1 serving (50 grams) contains 150 calories, 4.0 grams of protein, 5.0 grams of fat, and 25.0 grams of carbohydrates.
Calories |
714.3 | ||
|---|---|---|---|
% Daily Value* |
|||
| Total Fat | 23.8 g | 30% | |
| Saturated Fat | 4.8 g | 24% | |
| Polyunsaturated Fat | 0 g | ||
| Cholesterol | 0 mg | 0% | |
| Sodium | 952.4 mg | 41% | |
| Total Carbohydrates | 119.0 g | 43% | |
| Dietary Fiber | 4.8 g | 17% | |
| Sugars | 4.8 g | ||
| protein | 19.0 g | 38% | |
| Vitamin D | 0 mcg | 0% | |
| Calcium | 95.2 mg | 7% | |
| Iron | 4.8 mg | 26% | |
| Potassium | 238.1 mg | 5% | |
* Percent Daily Values are based on a 2,000 calorie diet. Your daily values may be higher or lower depending on your calorie needs.
Bread with olive oil is a traditional pairing found in various Mediterranean cuisines, particularly in Italian, Greek, and Spanish culinary traditions. The combination often includes freshly baked bread dipped in extra virgin olive oil and sometimes enhanced with spices or herbs. Nutritionally, it provides a balance of carbohydrates from bread and healthy fats from olive oil. Whole grain bread enhances the nutrient profile by delivering dietary fiber, B vitamins, and minerals such as magnesium. Extra virgin olive oil contributes monounsaturated fats, small amounts of vitamin E, and antioxidants like polyphenols, known for their health-promoting properties.
Store bread in a cool, dry place to prevent molding, and keep olive oil in a dark, tightly sealed bottle away from heat and sunlight to preserve its quality.
One slice of bread with one tablespoon of olive oil typically provides around 200 calories, 10 grams of fat, 20 grams of carbohydrates, and 4-5 grams of protein. Olive oil adds healthy monounsaturated fats and vitamin E, while bread contributes carbohydrates, some fiber (depending on type), and small amounts of protein.
Bread with olive oil is generally not suitable for a strict keto diet, as the bread is high in carbohydrates, often providing 15-20 grams per slice. However, if using low-carb or keto bread alternatives, it could fit within a keto meal plan when paired with olive oil for healthy fats.
Bread with olive oil can be a healthy option when consumed in moderation. Olive oil provides heart-healthy monounsaturated fats and antioxidants, while whole-grain bread offers fiber and nutrients. However, refined or white bread may contribute to blood sugar spikes and should be consumed sparingly for optimal health.
A typical portion size is one slice of bread (about 30-40 grams) with one tablespoon (15 ml) of olive oil. This provides a balanced serving of carbohydrates and healthy fats. Adjust portions according to your caloric needs and dietary goals.
Bread with olive oil is generally healthier than buttered bread, as olive oil contains unsaturated fats that support heart health, while butter is high in saturated fats. Calorically, one tablespoon of olive oil has about 120 calories compared to 100 calories in a tablespoon of butter, but olive oil offers additional antioxidants and anti-inflammatory compounds.

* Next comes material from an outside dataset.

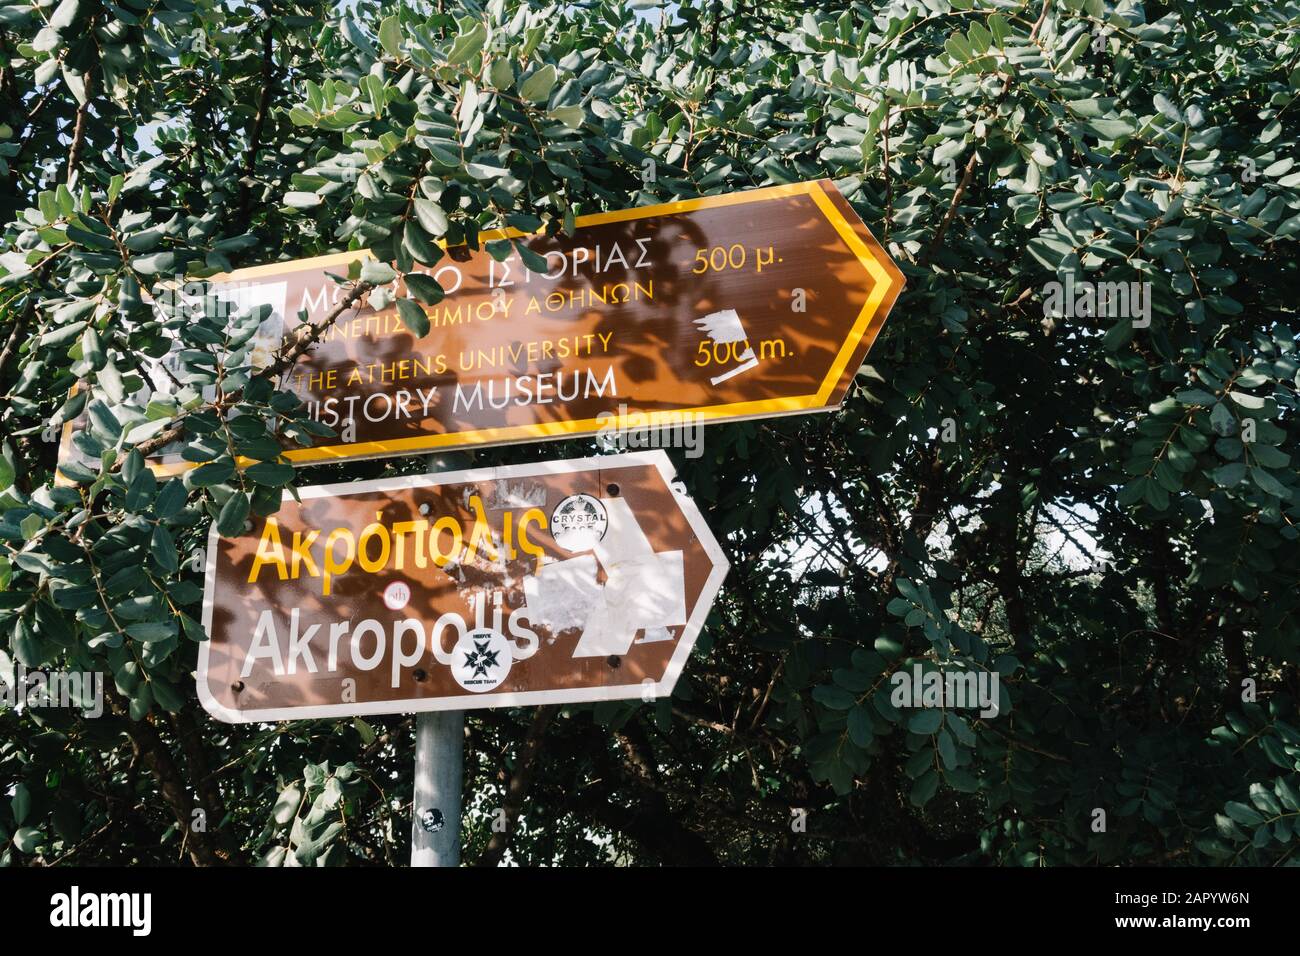 Athen, Griechenland - 21. Dezember 2019: Schild des Akropolis-Museums unterhalb der Akropolis in Athen Griechenland Stockfoto
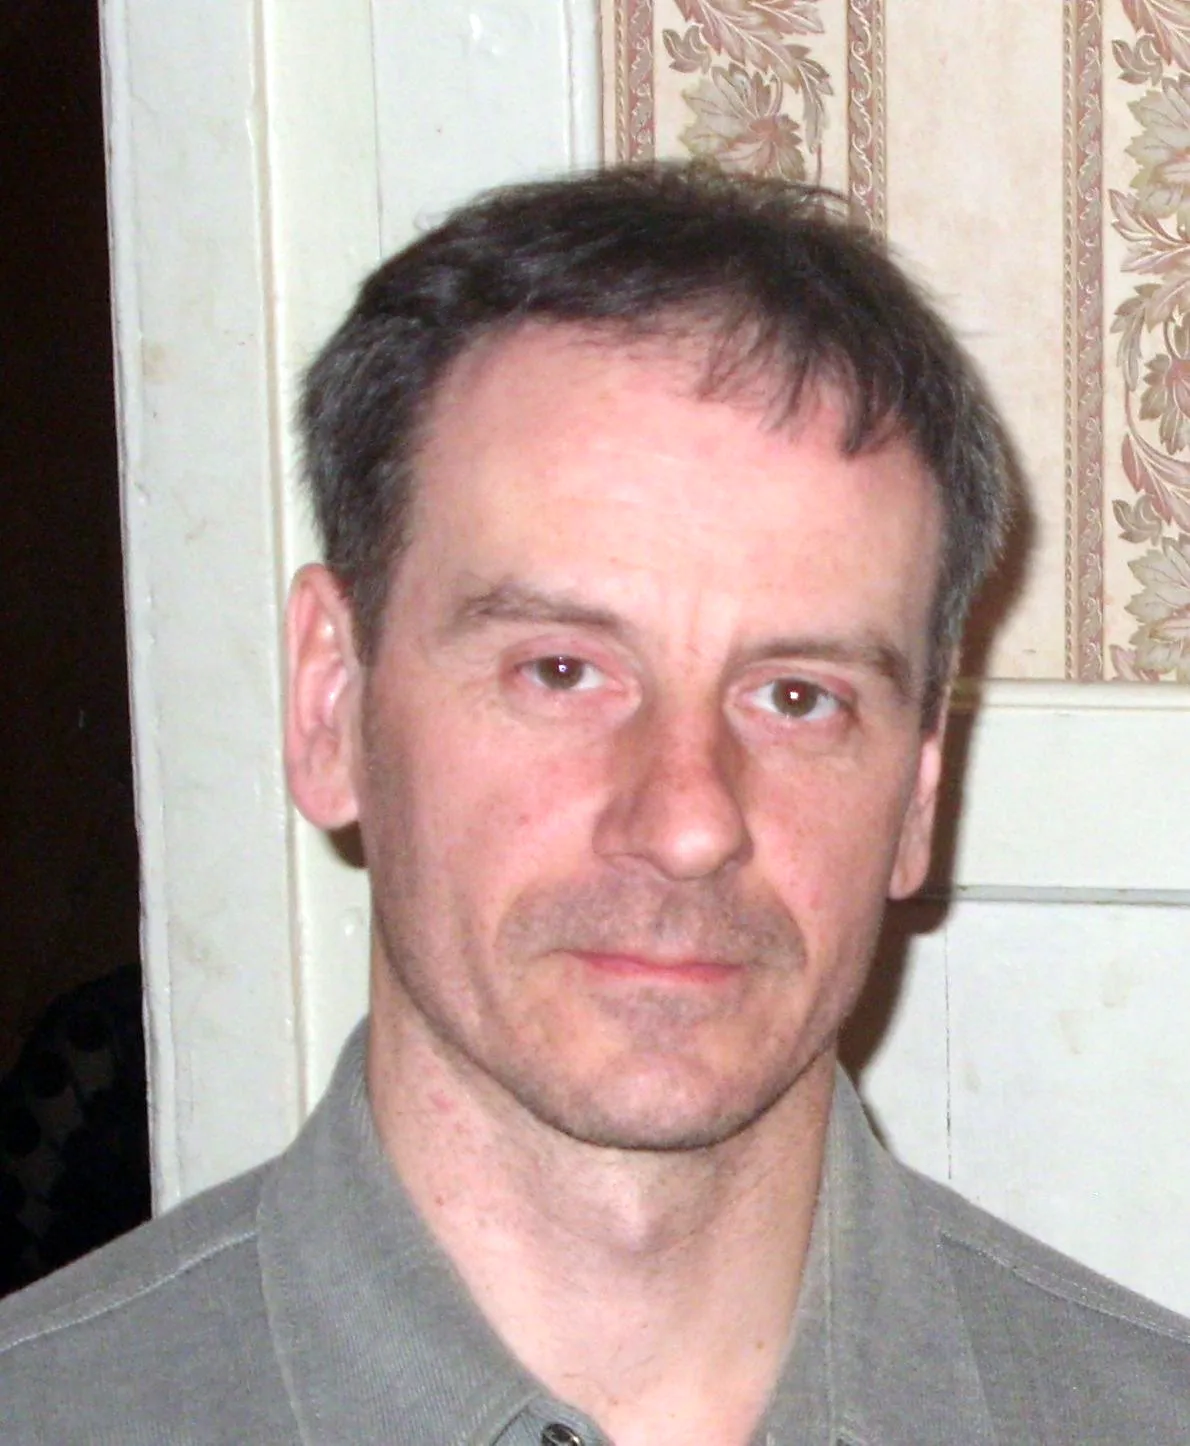 Евгений Жариков

Our nutrition data comes from trusted, authoritative sources to ensure accuracy and reliability. Below are specific scientific references and authoritative sources for this food item.
Additional Authoritative Sources:
Daily value percentages based on FDA guidelines. Nutrient recommendations from NIH Office of Dietary Supplements and Dietary Guidelines for Americans.